Otage français au Mali: «Il ne sera pas possible de le retrouver»
INTERVIEW•Philippe Hugon, directeur de recherche à l'Iris, en charge de l'Afrique, analyse pour «20 Minutes» le contexte de ce nouvel enlèvement...Propos recueillis par Corentin Chauvel
Le Mouvement pour l'unicité et le djihad en Afrique de l'Ouest (Mujao), un groupe armé islamiste, a revendiqué la prise en otage du Français de 61 ans, enlevé mardi soir, près de Kayes, au Mali. Philippe Hugon, directeur de recherche à l’Iris, en charge de l’Afrique, analyse pour 20 Minutes le contexte de cet enlèvement qui intervient alors que la situation au Mali est toujours aussi complexe et tendue.
Que sait-on du Mujao?
C’est un mouvement très proche d’Al-Qaida au Maghreb islamique (Aqmi), qui a déjà participé à des prises d’otage. Il est composé principalement de membres non-maliens, issus d’autres pays du Sahel, ou d’autres mouvements islamistes comme Boko Haram (Nigeria). Leur financement passe par des activités criminelles, notamment le contrôle du trafic de drogue.
La France est-elle confrontée à une prise d’otage similaire à celle d’Aqmi?

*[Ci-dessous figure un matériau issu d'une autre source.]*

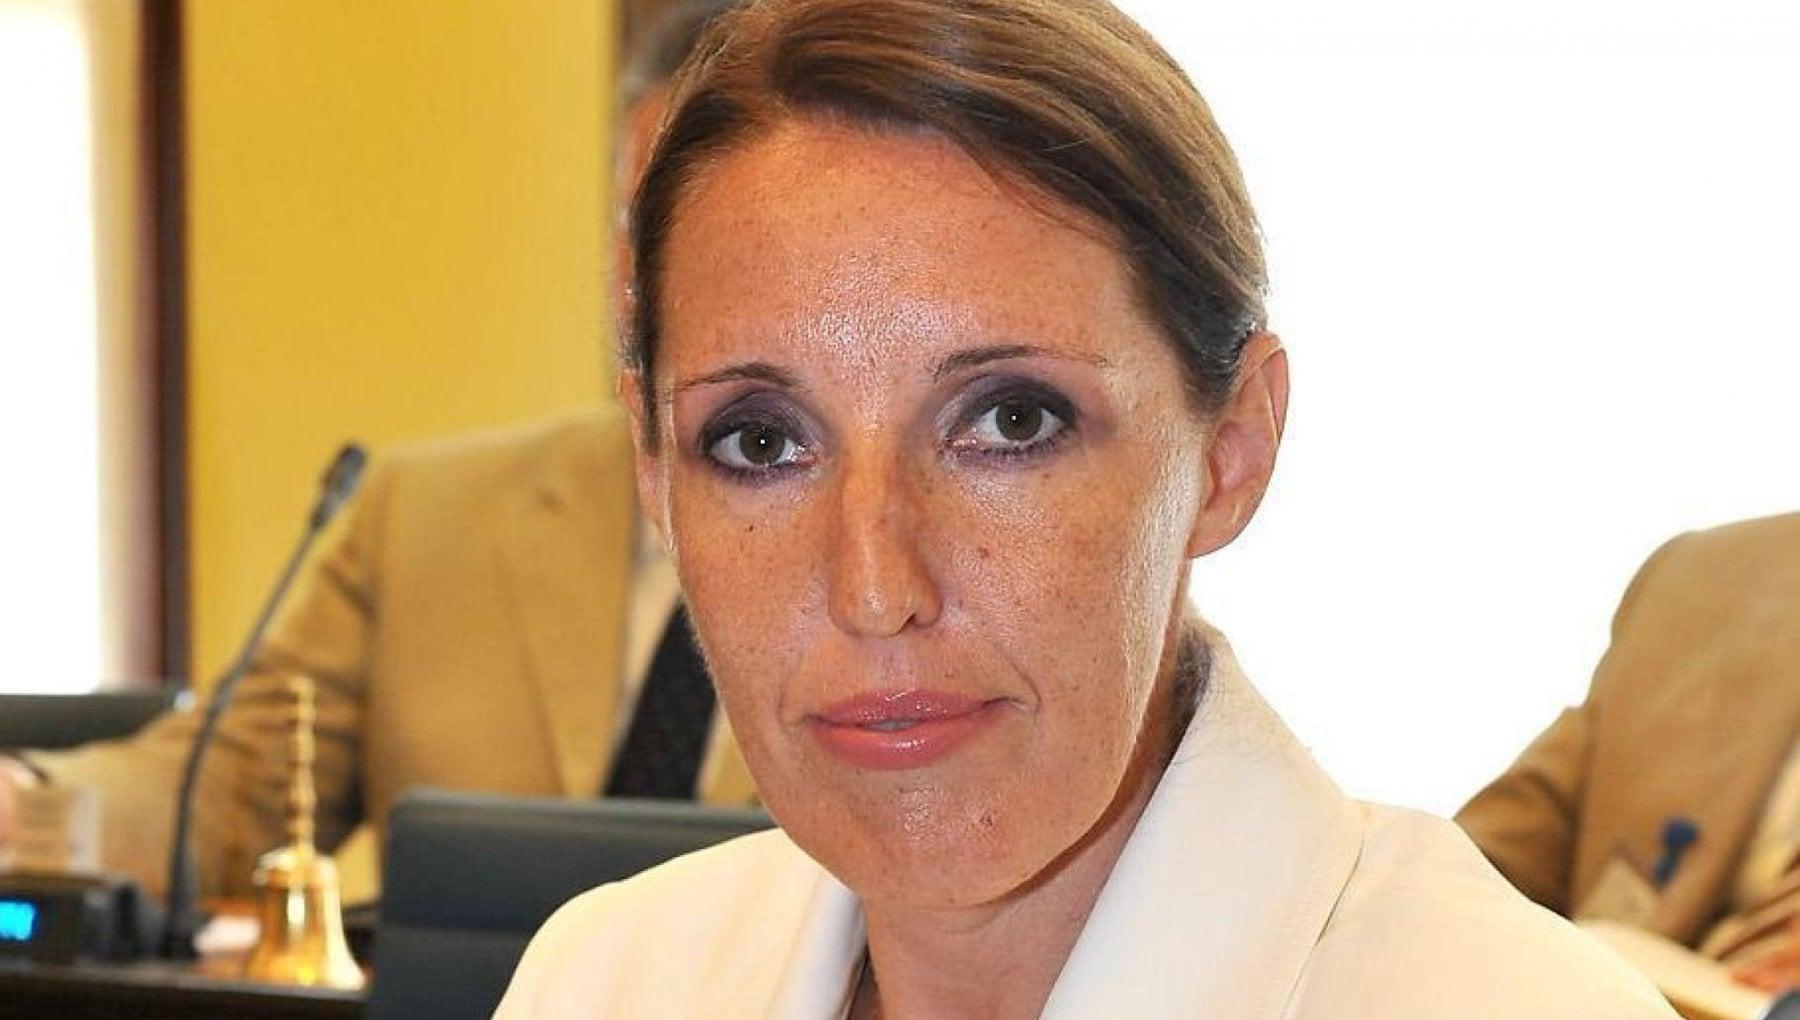 """Veneto, l'assessora che canta """"Faccetta Nera"""": """"Non sono pentita, sono io che ho subito un attacco squadrista"""""""

Il est toujours très difficile de savoir ce qu’il en est. Il y a des connivences entre le Mujao et Aqmi, mais ce dernier mouvement agit dans un champ idéologique et politique, revendiquant la création d’un califat, des modifications de lois, comme sur la burqa, ou le retrait des troupes françaises en Afghanistan. Le Mujao est plus dans l’économie criminelle. Cependant, les deux mouvements sont complémentaires et l’otage français sera peut-être remis à Aqmi. Ce qui est certain, c’est qu’il ne sera pas possible de le retrouver car les intermédiaires sont constamment en train de changer. Je pense que cet otage va changer de lieu et être pris dans différentes mouvances.
Quelle est la situation actuelle au Mali?
Il y a une stratégie de la communauté internationale qui consiste à séparer les touaregs d’Ansar Dine (Défenseurs de l'islam) et du Mouvement national pour la libération de l'Azawad (MNLA) des autres mouvances islamistes non-maliennes que sont Aqmi et le Mujao. Nous allons peut-être vers une alliance entre les deux premiers, en utilisant les liens d’Ansar Dine avec l’Algérie, car le MNLA, qui se bat contre les mouvements islamistes, est aujourd’hui affaibli militairement. De son côté, le gouvernement malien a peu de légitimité car il n’y a pas eu d’élections pour le mettre en place et l’armée est en totale décomposition. Le Mali n’est pas capable aujourd’hui de négocier ou d’entreprendre la moindre action militaire.
Qu’en est-il de l’intervention d’une force internationale? Est-elle nécessaire?
Le problème d’une non-intervention, c’est que cette zone du Nord-Mali reste sans contrôle et qu’elle s’étende au-delà du pays. En même temps, une intervention militaire est très périlleuse. Les forces de l’Union africaine ne sont pas aguerries à ce terrain et l’aide française et américaine sera seulement logistique. C’est excessivement risqué et, avec ce genre d’opération, on sait comment ça commence, mais jamais comment ça finit. On risque l’enlisement et on ne sait pas où vont aller ensuite les ressortissants des mouvances islamistes. Autrement, des frappes ciblées sur des leaders pourraient réduire le pouvoir nocif de ces groupes. Mais ce qui est donc souhaitable, c’est une négociation politique et c’est ce que veut l’Algérie, qui partage 2.000 kilomètres de frontière commune avec le Mali.